● **Task brief**: From the listing below, output the lines between the one with "Partenaire Usgeres : Ministère" and the one with "ヒップホップ楽器。圧倒的な、ストリ...の未再生の波形", including those two, and nothing else. Pictures are not copied.

---- Data excerpts

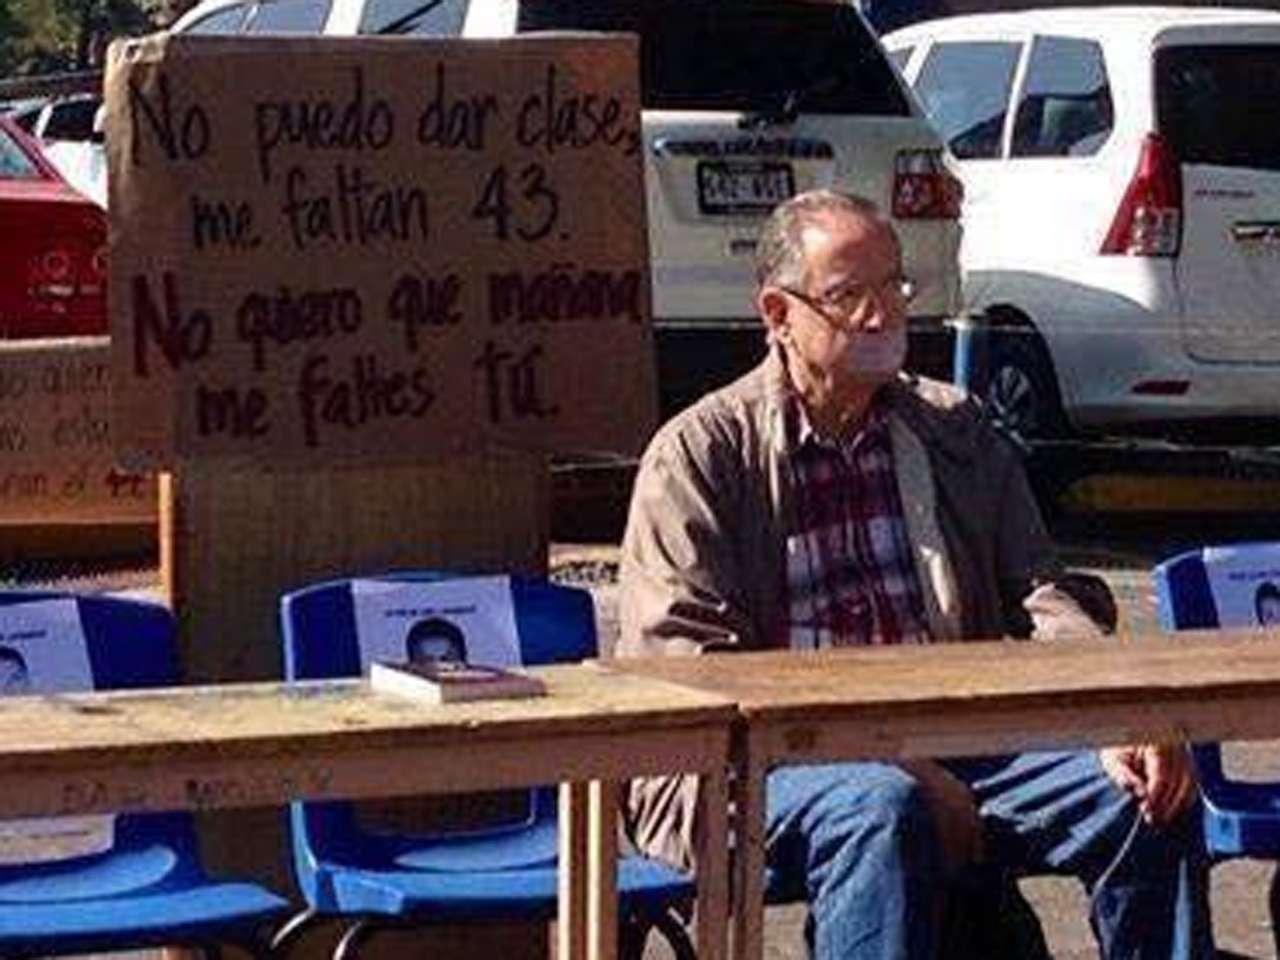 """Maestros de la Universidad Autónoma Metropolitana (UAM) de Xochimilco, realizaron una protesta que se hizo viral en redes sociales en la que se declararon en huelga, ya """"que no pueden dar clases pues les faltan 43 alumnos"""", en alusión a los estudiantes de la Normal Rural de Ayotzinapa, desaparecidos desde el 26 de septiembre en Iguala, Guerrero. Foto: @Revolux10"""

--------
---- Data excerpts

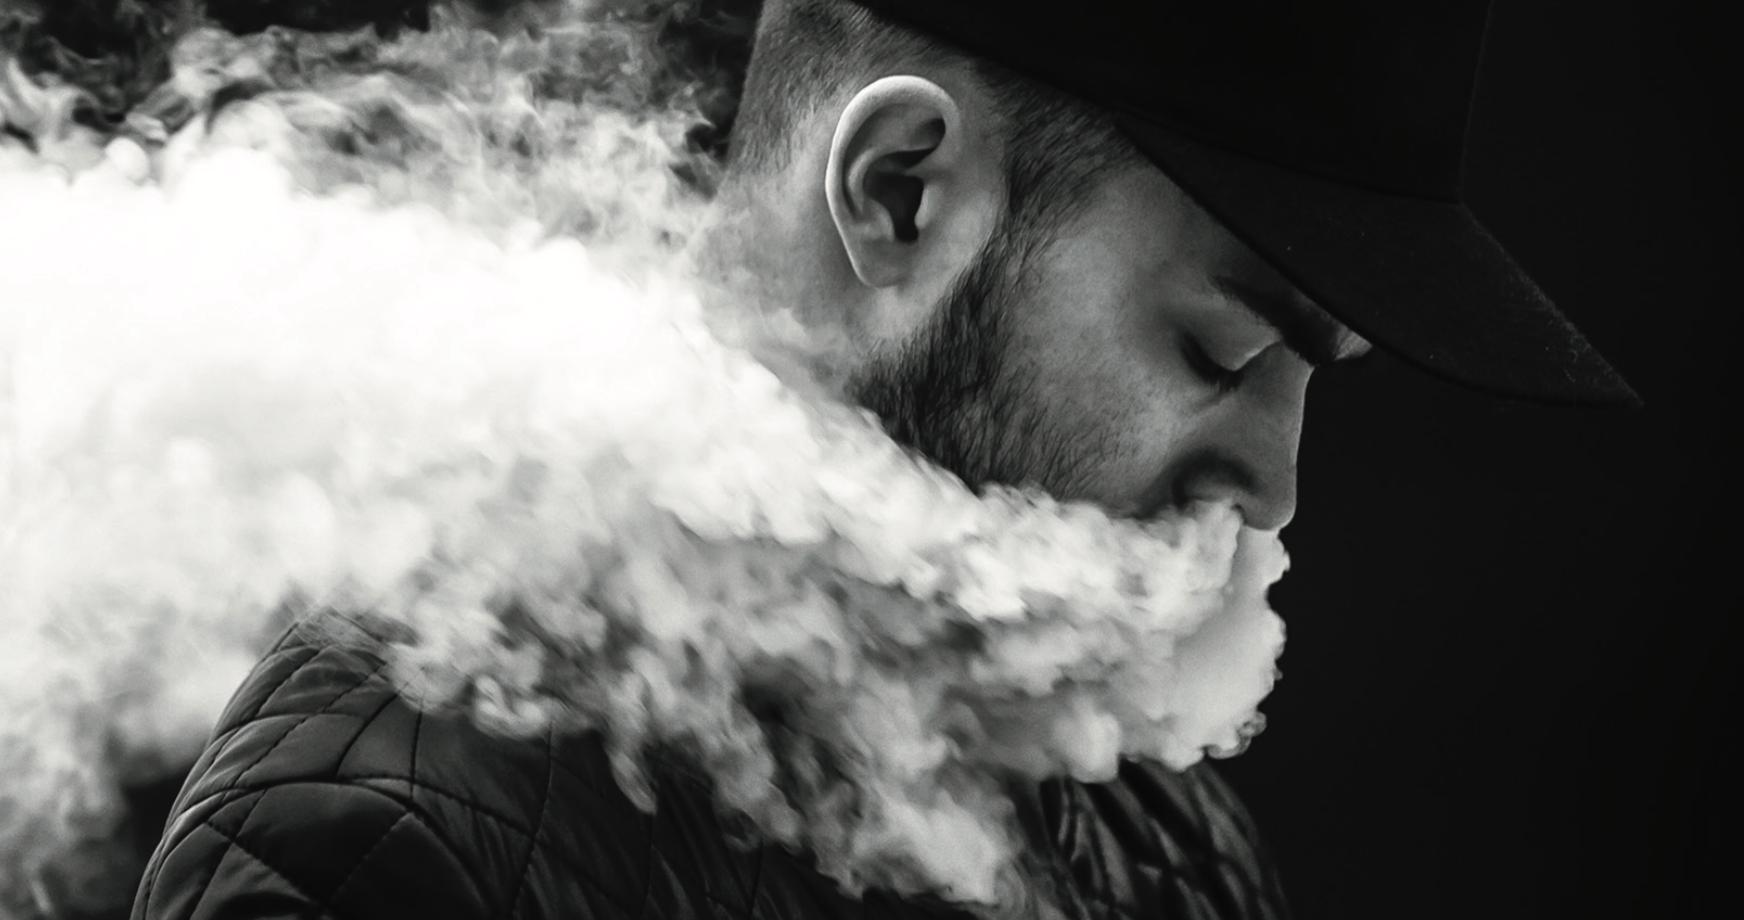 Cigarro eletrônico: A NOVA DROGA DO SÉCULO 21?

--------
---- Data excerpts

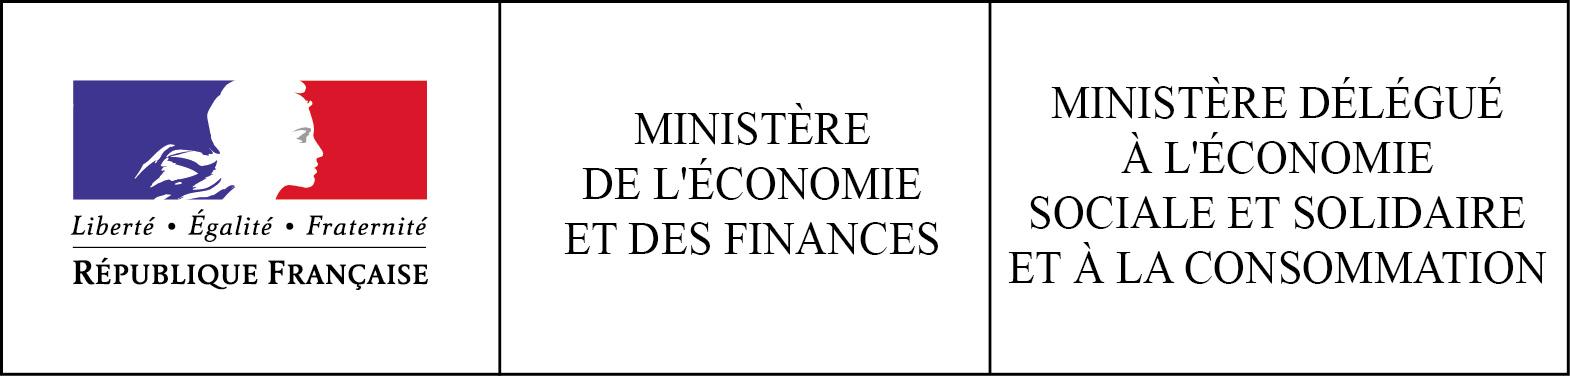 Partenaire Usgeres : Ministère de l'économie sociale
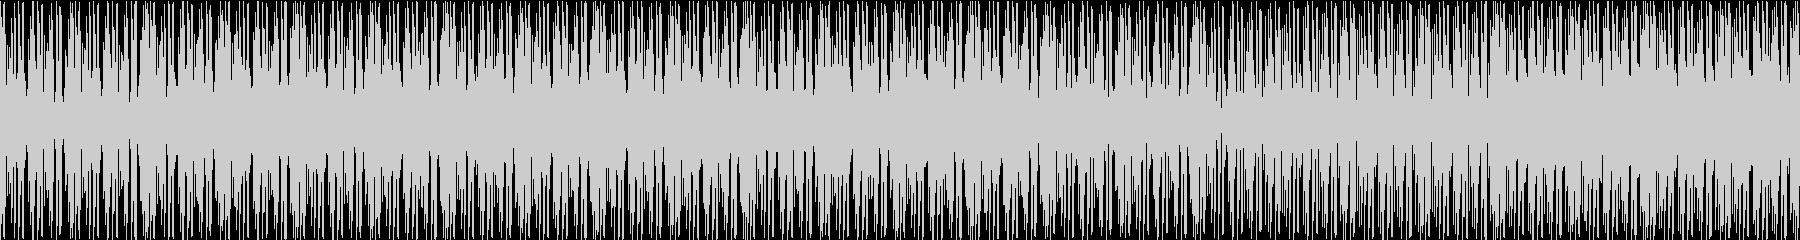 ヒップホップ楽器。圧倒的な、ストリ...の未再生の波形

--------

● **Reply to the exercise**:
 Partenaire Usgeres : Ministère de l'économie sociale
 ヒップホップ楽器。圧倒的な、ストリ...の未再生の波形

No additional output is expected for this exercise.